15Rock Insights
15Rock

September 22, 2025

4 min read

Gautam Bakshi

Author & Research Lead

How We Found $3M Hidden in a Portfolio Company's Pricing (In 2 Weeks)

Read time: 5 minutes Target audience: PE Operating Partners, Portfolio Company CEOs, Pricing Leaders The portfolio company was bleeding. Customer acquisition costs up 40%. Win rates down 25%. The board wanted answers. The CEO had theories. The data told a different story. In 2 weeks, we built an engine that found $3M in pricing opportunities they'd been sitting on for 18 months. Here's exactly how. The Situation Company: B2B SaaS platform, $30M ARR Problem: Growth stalling despite product

Read time: 5 minutes
Target audience: PE Operating Partners, Portfolio Company CEOs, Pricing Leaders


The portfolio company was bleeding.

Customer acquisition costs up 40%. Win rates down 25%. The board wanted answers. The CEO had theories.

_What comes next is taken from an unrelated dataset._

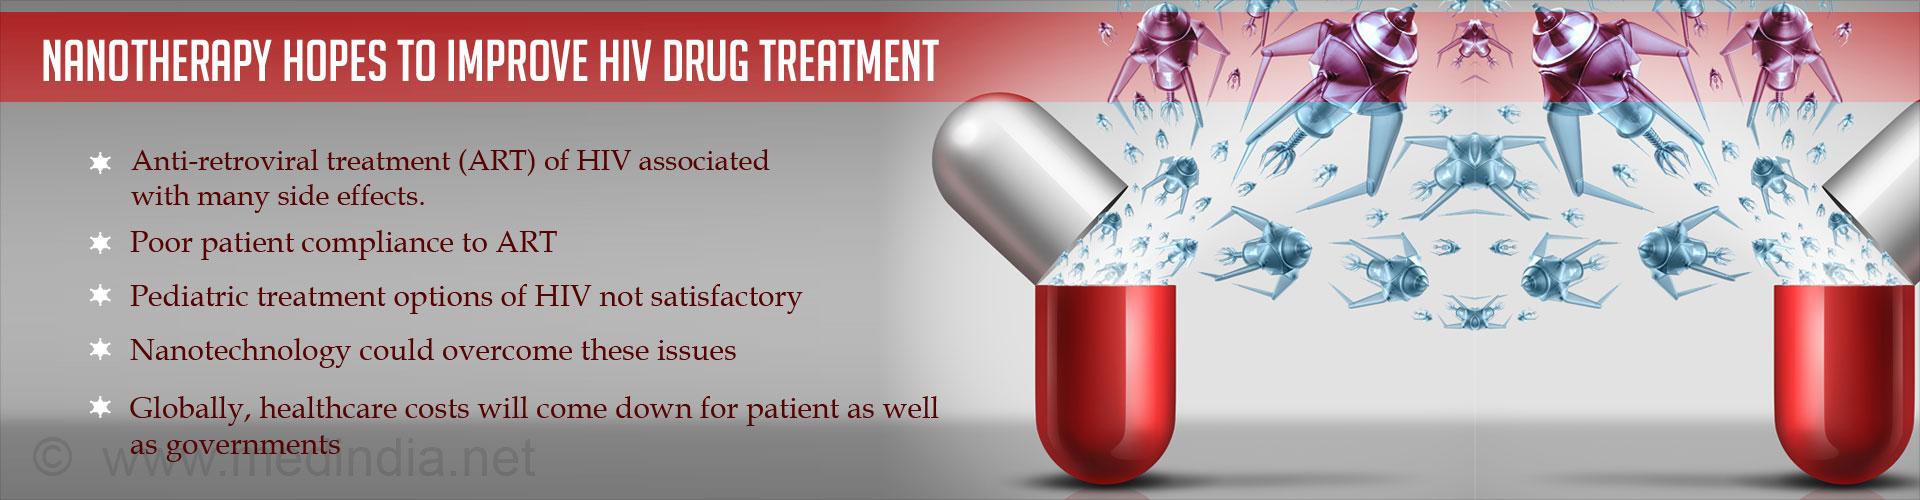 Nanomedicine Hopes to Improve HIV Drug Treatment

The data told a different story.

In 2 weeks, we built an engine that found $3M in pricing opportunities they'd been sitting on for 18 months.

Here's exactly how.

The Situation

Company: B2B SaaS platform, $30M ARR
Problem: Growth stalling despite product improvements
Hypothesis: "We need more features to justify our premium"
Reality: They were underpricing enterprise by 40%

Week 1: Encoding Their Pricing Logic

Day 1-2: Map Current State

We documented their existing pricing methodology:

  • How they segmented customers
  • What drove pricing decisions
  • Which competitors they tracked
  • How they measured willingness to pay

Key finding: They had strong pricing intuition but no systematic process.

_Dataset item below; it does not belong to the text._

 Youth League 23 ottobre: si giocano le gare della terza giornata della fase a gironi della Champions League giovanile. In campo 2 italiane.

Day 3-4: Build the Competitor Matrix

Instead of checking 3 competitors monthly, we built an engine that tracked:

  • 27 direct competitors
  • 15 adjacent solutions
  • 8 enterprise alternatives

The data showed:

  • They were priced 15% above SMB competitors
  • They were priced 40% below enterprise competitors
  • They were comparing themselves to the wrong peer set

Day 5: Encode the Intelligence

We turned their pricing logic into repeatable rules:

  • IF customer has >500 employees AND >3 departments using product
  • THEN position against enterprise competitors
  • ELSE position against SMB competitors

The insight: 40% of customers were enterprise but paying SMB prices.

Week 2: Finding the Money

Day 6-7: Usage Analysis

The engine analyzed 18 months of usage data:

  • Which features enterprise customers actually used
  • How usage correlated with company size
  • Where power users concentrated

Discovery: Enterprise customers used 3x more API calls but paid the same price.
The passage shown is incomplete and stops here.